In contrast, in the 1790s Kamehameha the Great deployed state-of-the-art rifles and cannons in amphibious assaults on Maui and Oahu — creating the unified Kingdom of Hawaii; a century later King Kalakaua represented an independent state, not a feudal fiefdom or a colony.
The king wore Western clothes, traveled in steam-powered ships, and knew about the telegraph, photography, and electricity — all startlingly innovative to Japan, which resembled medieval England.

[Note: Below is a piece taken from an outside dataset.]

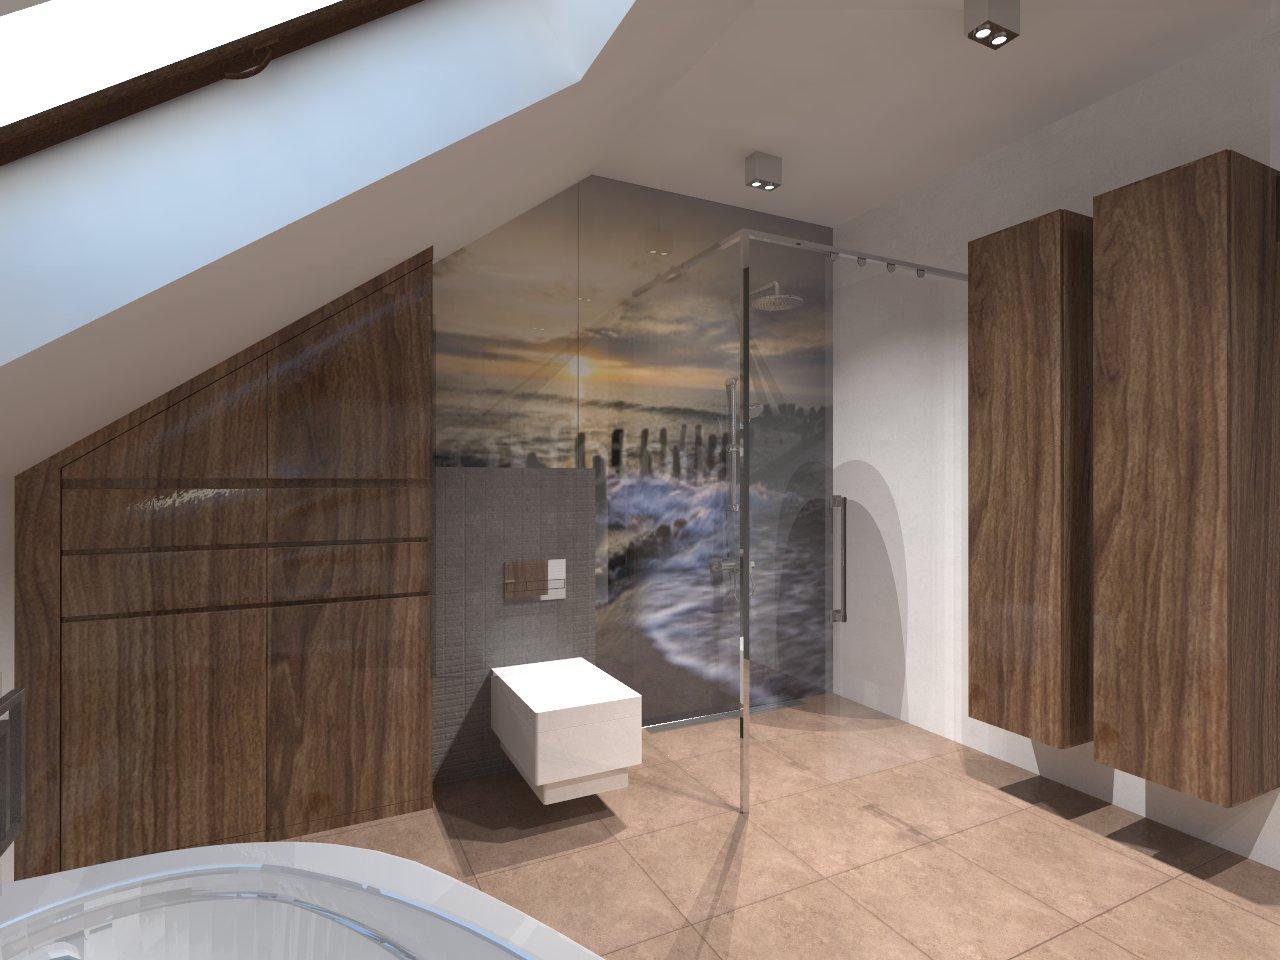 łazienka Na Poddaszu Ze Skosami Auradesing Aranżacja Wnętrz
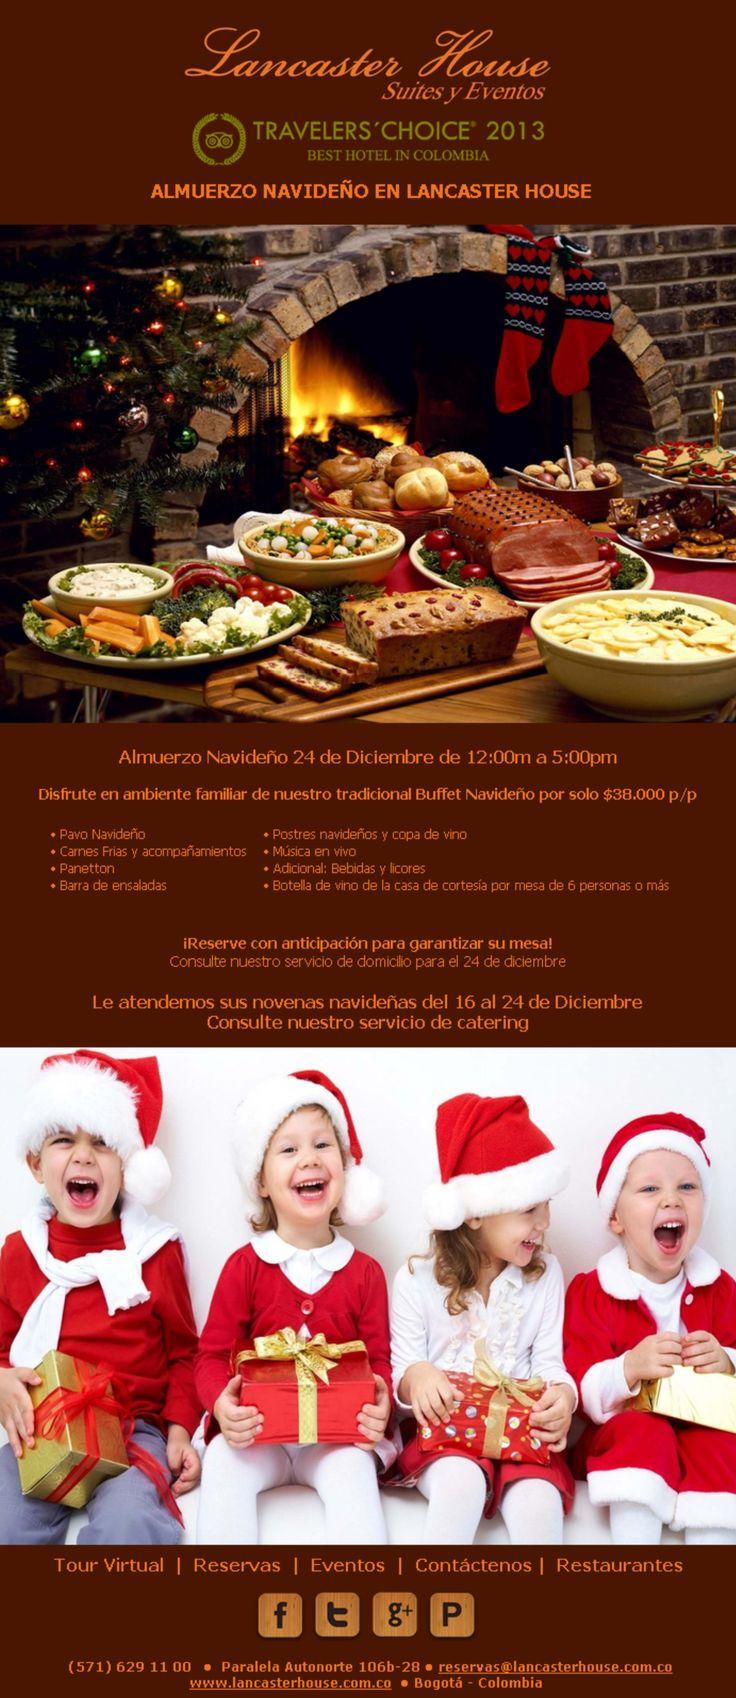 Almuerzo Navideno en Lancaster House Suites. #hotel, #bogota,#special offers # ofertas especiales, #navidad #christmas #xmass

Japan was largely illiterate with only a few temple schools; King Kamehameha the III launched a Kingdom-wide school program in the 1840s, before many European states [or Japan!].
[…]
Since King Kalakaua, who studied military tactics under a Prussian officer, was to Emperor Meiji a “modern” monarch leveraging Western language and education to keep his nation free of Western domination, the emperor changed his meeting schedule to listen to King Kalakaua’s several proposals.
Emperor Meiji viewed Kalakaua as a model of a Westernized, independent Asia-Pacific nation-state.
[…]
In an oft-quoted story, Kalakaua proposed to Emperor Meiji that his 5-year-old [half-Scottish] niece Kaiulani become the bride of Prince Sadamaro, a teen-aged student at the Imperial Naval Academy.
Like a chess player, Kalakaua was thinking several moves ahead when a Hawaii-Japan monarchal linkage may bring Japanese warships to defend the Kingdom against a U.S. marine landing.
That linkage never happened, of course:
However, although the Emperor wanted rapid modernization, an infusion of Hawaiian (and European) blood into the 1,500-year Imperial family line was a stretch for the homogeneous Japanese state.
In 1895, Tōgō Heihachirō, the future architect of victory against Russia in the Battle of Tsushima (1905), commanded the Imperial Japanese Navy cruiser Naniwa which was docked at Pearl Harbor after serving in the Sino-Japanese War (1894-1895) that had ended with Japan’s annexation of Taiwan. This was not Tōgō’s first visit to Hawaii.
Captain Tōgō had previously been a guest of [King] Kalākaua, and returned to Hawaii to denounce the overthrow of Queen Lydia Liliʻuokalani, sister and successor to the late king and conduct “gunboat diplomacy”. Tōgō refused to salute the Provisional Government by not flying the flag of the [Hawaiian] Republic. He refused to recognize the new regime, encouraged the British ship HMS Garnet to do the same and protested the overthrow. The Japanese commissioner eventually stopped Tōgō from continuing his protest, believing it would undo his work at restoring rights to Japanese [in Hawaii; see below]. [Naniwa cadet and future chief of Imperial Japanese Navy General Staff] Katō Kanji wrote in hindsight that he had regretted they had not protested harder and should have recruited the British in the protest.
The continued presence of the Japanese Navy and Japan's opposition to the overthrow [more precisely Tōgō’s opposition] led to a concern that Japan might use military force to restore Liliʻuokalani to her throne as a Japanese puppet. Anti-Japanese sentiment heightened.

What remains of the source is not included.